In studying constitutionalism as an outcome of diverse anticolonial justifications for it, this dissertation demonstrates that the political conception of constitutionalism in India is not merely a continuation of liberal-imperial ideas of constitutionalism. Instead, popular justifications of constitutionalism in India, even in its current moment of crisis, have a genealogy that emerges from epistemically diverse anticolonial justifications of constitutionalism that took shape during constitutionalism's moment of creation in India. It makes this argument in three steps. First, by interrogating how liberal imperialism constructed the political domain in colonial India. Second, by exploring how anticolonialism critiqued this liberal imperial construction of the political domain and used these criticisms to justify a pluralist political conception for postcolonial constitutionalism. Third, by analyzing how these anticolonial justifications of constitutionalism are employed in postcolonial Indian democracy to maintain constitutionalism as the language of politics even when it faces a severe threat from Hindu majoritarianism.
This dissertation demonstrates that anticolonial justifications of constitutionalism in India, which emerged from Islamic and anti-caste worldviews, remain relevant to the democratic discourse around constitutionalism and the political conception that it shapes for India by examining four significant justifications for constitutionalism in India. The first justification is captured by anticolonial worldmaking adopted by constitutionalism in India to acknowledge, forefront, and make legible to political life the background conditions for common life in India. This justification of worldmaking, which anticolonial thought regularly reflected on and brought to the fore of public life in India, includes (a) deeply ingrained dispositions about mutual coexistence that subconsciously shaped its participants for a millennium through the unfolding of overlapping geographical, linguistic, ethical and social worlds of diverse worldviews in India, and (b) agentic forms of participation, shaped by diverse groups in India coming into public spaces and employing constitutionally guaranteed political freedoms, to discursively construct the world that is India as one that is plural, progressive and enables self-respect despite being shaped by non-secular ideas.
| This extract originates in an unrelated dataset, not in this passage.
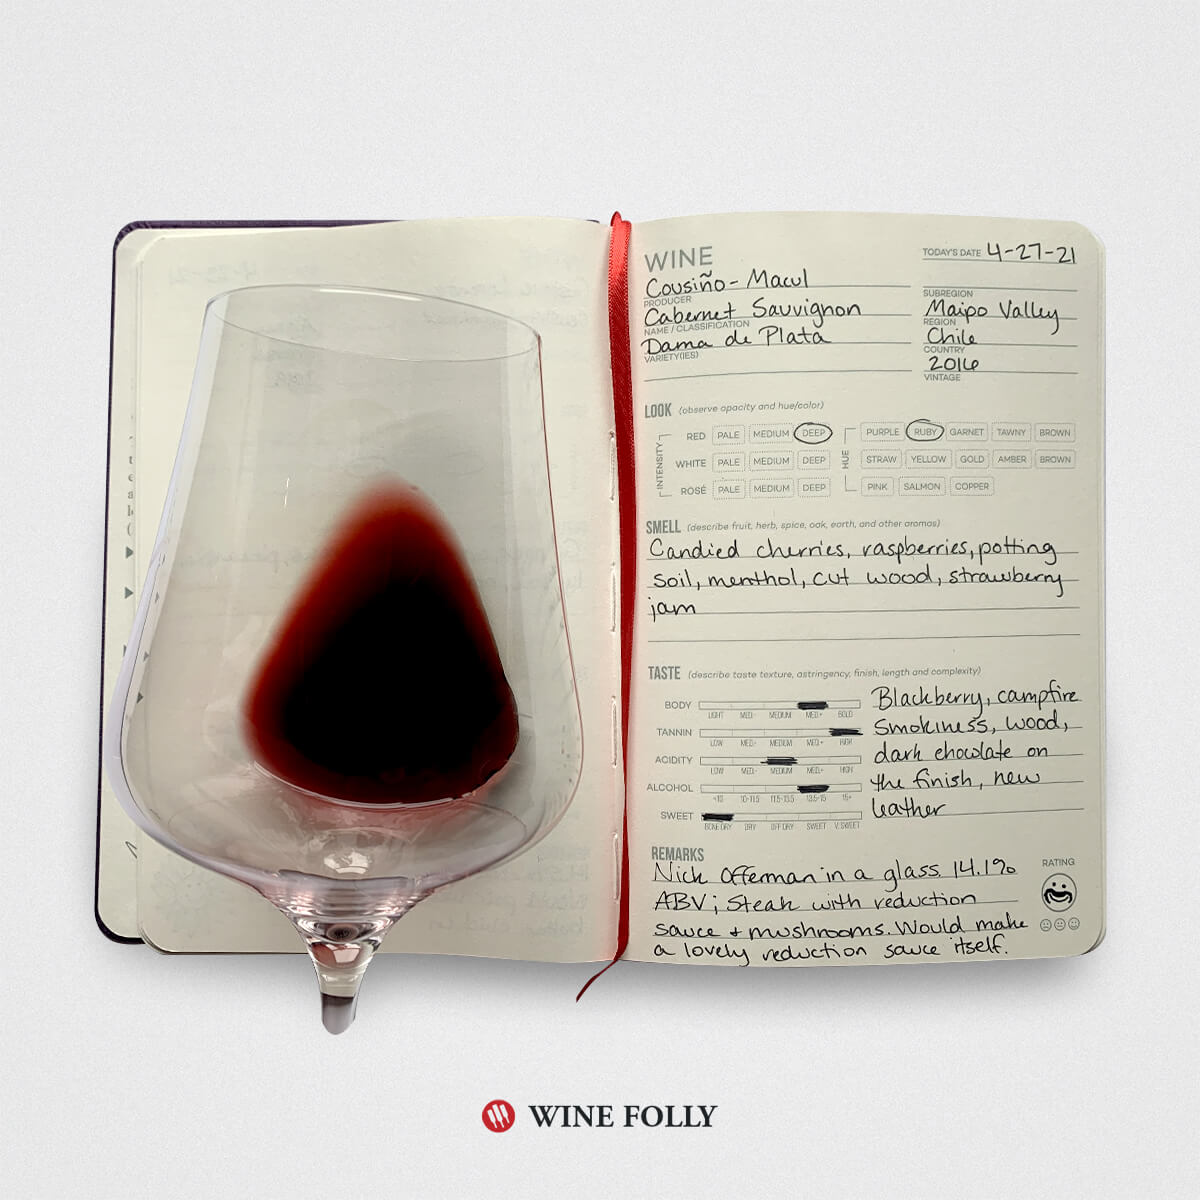 Wine Journal image for Chilean Cabernet Sauvignon

The second form of justification for constitutionalism in India lies in the use of non-secular conceptions of progress, where progress is not simply captured by a developmental conception but by the ethical modes of learning and knowledge-building through which constitutionalism enables diverse people to learn about others in the political community and develop a conception of fraternity. This dissertation shows how conceptions of fraternity that justify constitutionalism in India enable a non-secular conception of progress, pluralism, and self-respect in democracy in India. However, it also examines how a majoritarian conception of constitutional democracy threatens this conception of fraternity in India's postcolonial democracy.
The third justification of constitutionalism emerges from endorsements for it that emerge from its capacity to enable self-respect, where diverse individuals who are shaped by the institutions and normative order established by constitutionalism demand that this order enable recognition, communication, association, and self-consciousness across the diverse groups that shape Indian society. Such a conception of self-respect, which derives its ideas from anticolonial conceptions of self-respect, is more expansive than conceptions of self-respect that emerge from Transatlantic liberalism because it reflects how colonialism shaped counter-concepts to self-respect across whole societies and worldviews, and not just as conditions that impact individuals alone.
When this pluralist and emancipatory political conception of constitutionalism is threatened by other interpretations of constitutionalism by those in power, as it is by religious majoritarianism in its current moment of crisis, it is reaffirmed in sites of civil disobedience across India's postcolonial democracy where epistemically diverse interpretations of constitutionalism are not only respected but esteemed as justifications for constitutionalism in India. Such a form of participation in democratic politics through civil disobedience has led to a justificatory discourse around constitutionalism that draws on a pluralist conception of participation as the fourth justification of constitutionalism in India.
These four interlinked justifications of constitutionalism in India have enabled a plural political conception of constitutionalism that survives in India, despite the threat to it from Hindu majoritarian politics. In exploring why justificatory discourse around constitutionalism enables democracy in India, this dissertation also develops an anticolonial u conception of justification as a form of making political principles legible to diverse peoples who were formerly colonized, as opposed to a strictly rational discourse of separating right from wrong in public reason that shapes democratic societies.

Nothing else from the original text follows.